Regex, better way

Question

How do you separate a regex, that could be matched multiple times within a string, if the delimiter is within the string, ie: Well then 'Bang bang swing'(BBS) aota 'Bing Bong Bin'(BBB)

With the regex: "'.+'(\S+)" It would match from Everything from 'Bang ... (BBB) instead of matching 'Bang bang swing'(BBS) and 'Bing Bong Bin'(BBB)

I have a manner of making this work with regex: '[A-z0-9-/?|q~`!@#$%^&*()_-=+ ]+'(\S+) But this is excessive, and honestly I hate that it even works correctly. I'm fairly new to regexes, and beginning with Pythons implementation of them is apparently not the smartest manner in which to start it.

Answer 1

To get a substring from one character up to another character, where neither can appear in-between, you should always consider using negated character classes.

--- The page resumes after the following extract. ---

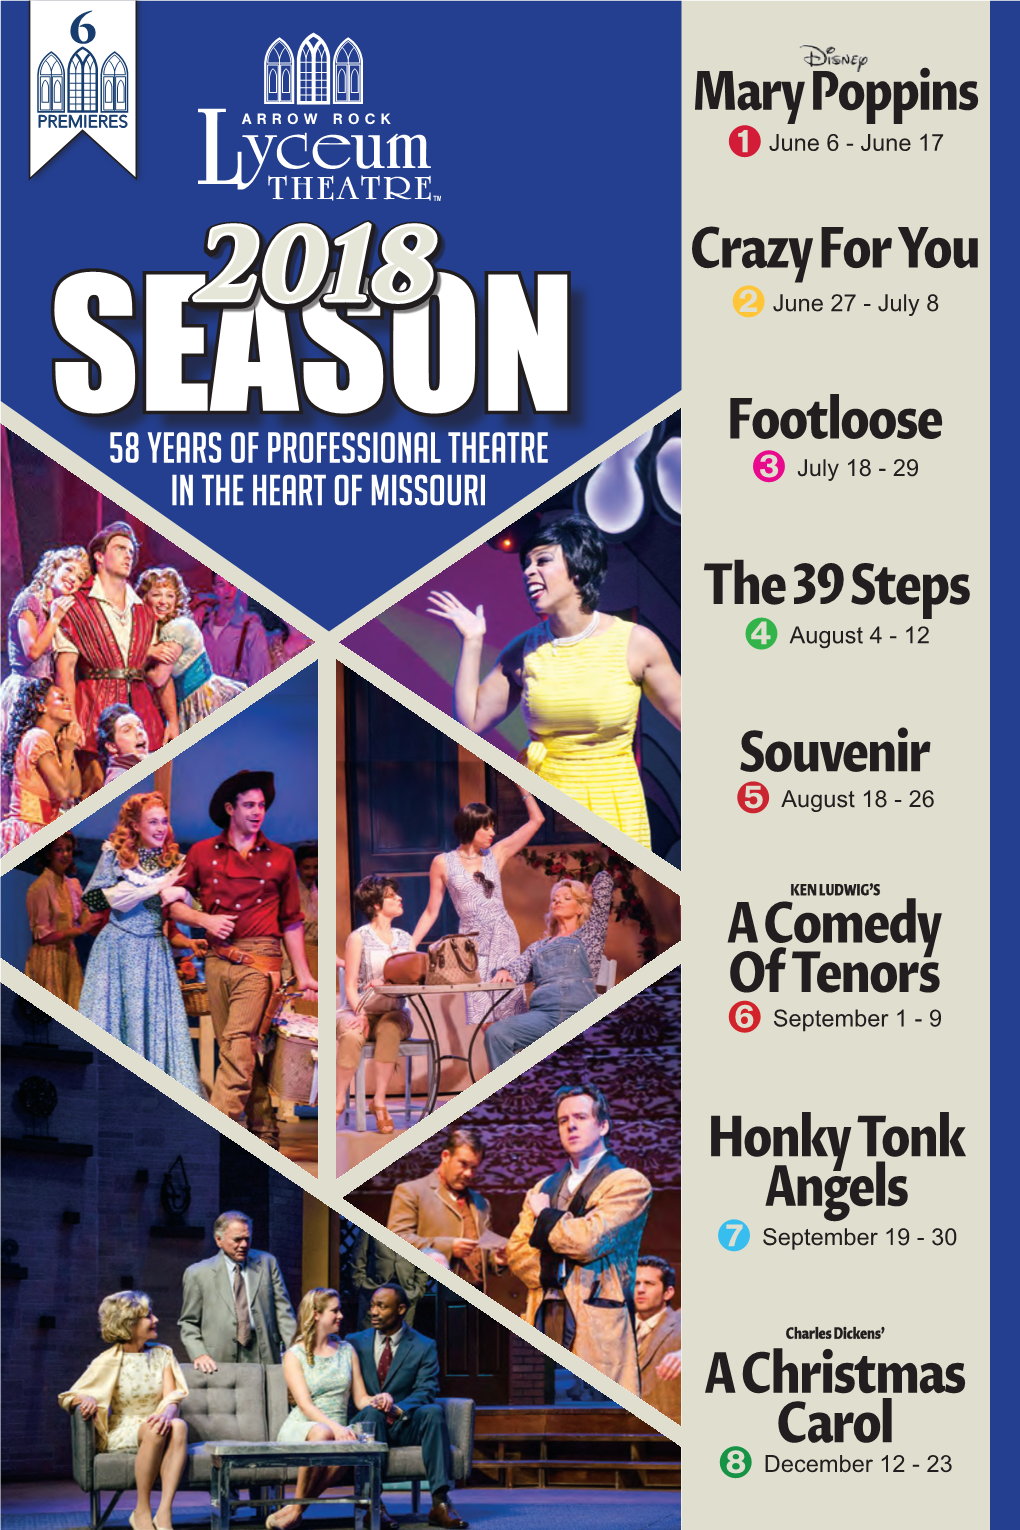 Arrow Rock Lyceum Theatre 2018 Season Brochure

The [negated] character class matches any character that is not in the character class. Unlike the dot, negated character classes also match (invisible) line break characters. If you don't want a negated character class to match line breaks, you need to include the line break characters in the class. [^0-9\r\n] matches any character that is not a digit or a line break.

So, you can use

'[^']*'\([^()]*\)

See regex demo

Here,

• '[^']*' - matches ' followed by 0 or more characters other than ' and then followed by a ' again
• \( - matches a literal ) (it must be escaped)
• [^()]* - matches 0 or more characters other than ( and ) (they do not have to be escaped inside a character class)
• \) - matches a literal ) (must be escaped outside a character class).

If you might have 1 or more single quotes before (...) part, you will need an unrolled lazy matching regex:

'[^']*(?:'(?!\([^()]*\))[^']*)*'\([^()]*\)

See regex demo.

Here, the '[^']*(?:'(?!\([^()]*\))[^']*)*' is matching the same as '.*?' with DOTALL flag, but is much more efficient due to the linear regex execution. See more about unrolling regex technique here.

EDIT:

When input strings are not complex and short, lazy dot matching turns out more efficient. However, when complexity grows, lazy dot matching may cause issues.

Answer 2

How about this regular expression

'.+?'\(\S+\)